Migrating a 200,000 member forum (LDU to Discourse)


(Thomas Wilson) #1

Hello folks,

This is my first topic - very excited about what Discourse has to offer, and just had a few questions I was hoping you could shed some light on. I’ve looked around the support forums but couldn’t find everything I was looking for.

I run a forum for the Muse fan community which is built upon a legacy LAMP setup (using LDU as its CMS). Discourse looks great - I have a test site up and running and it’s working well (digitalocean // mandrill // S3 // ghost + discourse setup).

We’d like to migrate our news over to ghost and our forums over to Discourse. Our current news commenting system hooks into our forum, so I first of all had a quick question regarding that.

  • If I migrate our existing forums over to Discourse (including the ‘News’ forum) and set up an RSS feed of new blog entries from Ghost (which will contain our migrated news), how can I ensure we don’t get any duplicates? Does discourse have any clever algorithm to detect/prevent duplicated entries being created?

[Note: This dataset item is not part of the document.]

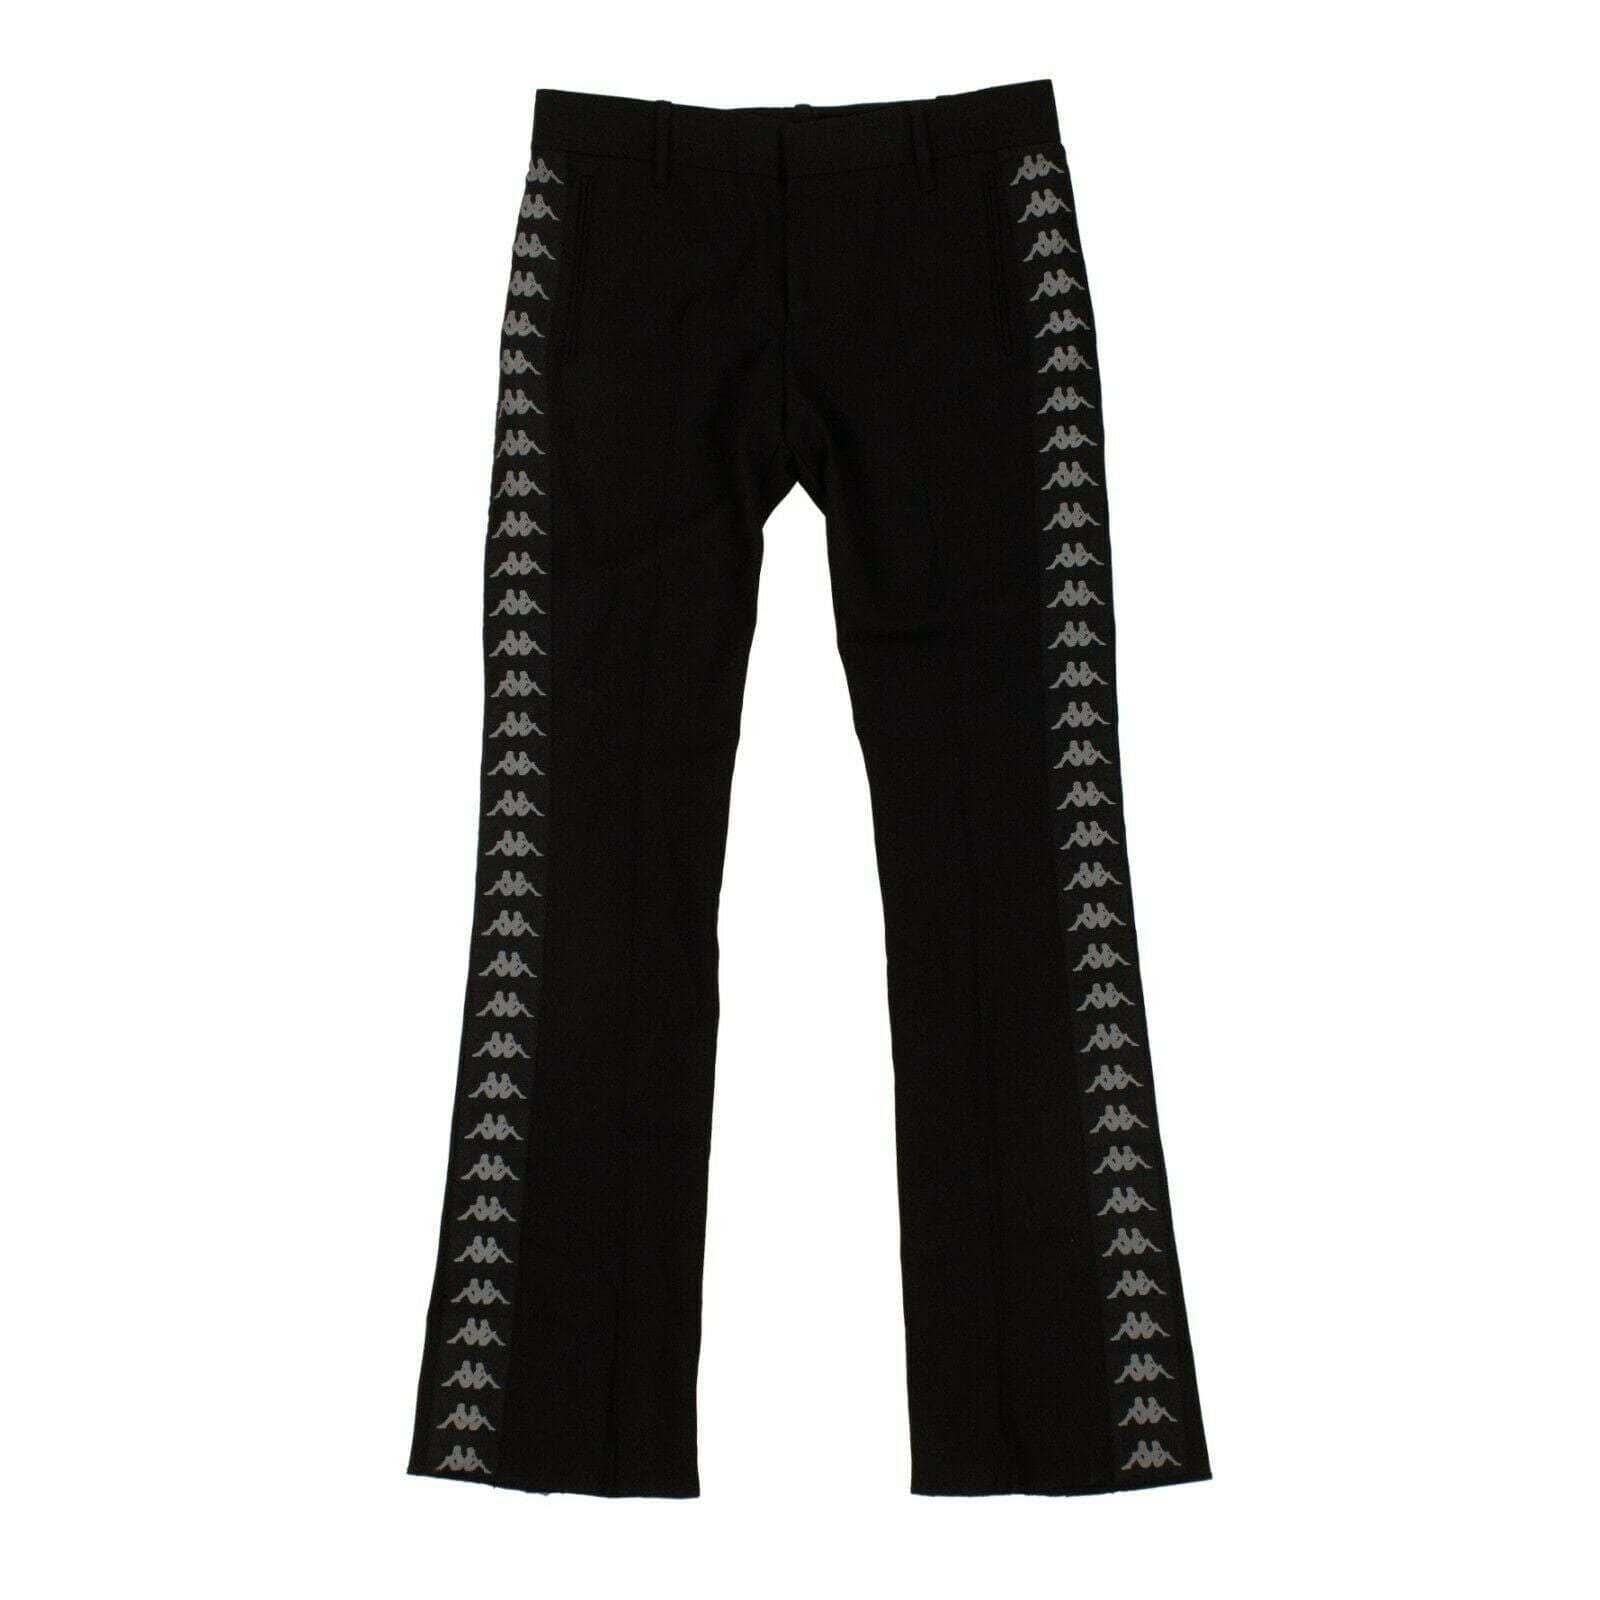 Faith Connexion chicmi, couponcollection, faith-connexion, faith-connexion-x-kappa, gender-womens, main-clothing, size-6, under-250, womens-straight-pants 6 Women's Black And Gray Trumpette Pants 69LE-1706/6 69LE-1706/6

My second question revolves around how users are handled. Our existing site has close to 200,000 of them – not all of whom are active (in fact, only a small minority are). Not all of them have posted in our forums and some of them are banned.

  • What actually happens when I import users (e.g. using a modified version of the phpBB3 script)? How are they notified that they have new accounts – and can these notifications be delayed/disabled whilst I’m still testing (I don’t want to spam them all!)? Could I maybe invite them in batches?
  • Does Discourse support/handle (or have plans to) bounce notifications from 3rd party e-mail solutions (e.g. Mandirll has a bounce hook)?
  • Levels/badges etc - If I import a user who has, say, 500 posts to their name, are badges/trust levels automagically applied, or are these only calculated after everything has been imported?

And finally, performance. The current forum has very low activity at the moment, for a variety of reasons (next to no notifications, twitter/facebook emigration etc.). We currently get around 50 new posts a day (it used to be +1000). There are ~2.4m posts and ~50k topics.

  • Will the shear size of the database, regardless of # queries, cause performance issues?
  • I’m expecting activity to increase once we go live (because Discourse is freakin’ awesome). I’m testing using a 1GB digitalocean droplet which I can scale up/down accordingly, but is there anything else I should be aware of before opening the floodgates?

Thank you all in advance for any tips/suggestions you might have.


(Jens Maier) #2

The import script will typically create a user account in Discourse that as closely as possible resembles the account on your old forum. How this works depends on the script. Because passwords are almost always stored as hashes, these can not be converted. The converted accounts will have an undefined password and your users will not be able to login until they reset their passwords via Discourse’s password recovery function. This means that all users need to have a valid email address set before the conversion, or they will lose their accounts.

Trust levels are updated by a background job once you start Discourse after importing the old forum. It may take up to a day until the job is started, but you can manually trigger these jobs via the /sidekiq dashboard.

PostgreSQL can handle a lot of abuse if you give it enough hardware resources. However, since a huge database means huge indices (which usually means that the database consumes more RAM while idle), I would start out with at least the 2GB DO droplet.


(Thomas Wilson) #3

This is great - thank you.

Just to clarify, the simple act of importing users won’t schedule emails to be sent to them then (e.g. “Welcome to…”)? I’d like to handle Welcome e-mails manually if possible. If someone were to reply to a thread, would (unverified / unconfirmed) users still receive notifications? A user-level ‘disable notifications’ flag, or similar, would be great.

I’ll look at upgrading the droplet to 2GB - for the timebeing though, 1GB is fine for my testing.

Didn’t know about the sidekiq panel – something else to play with!

Thanks again


(Jens Maier) #4

I’m not certain. I’ve done a lot of testing with import scripts, but haven’t gotten around yet to do it on a production environment. The mailcatcher for development mode remained empty, however.


(Kane York) #5

Note that disk space may also be a concern - so you may as well just create a new 2GB for the extra disk space (resizing does not upgrade the disk).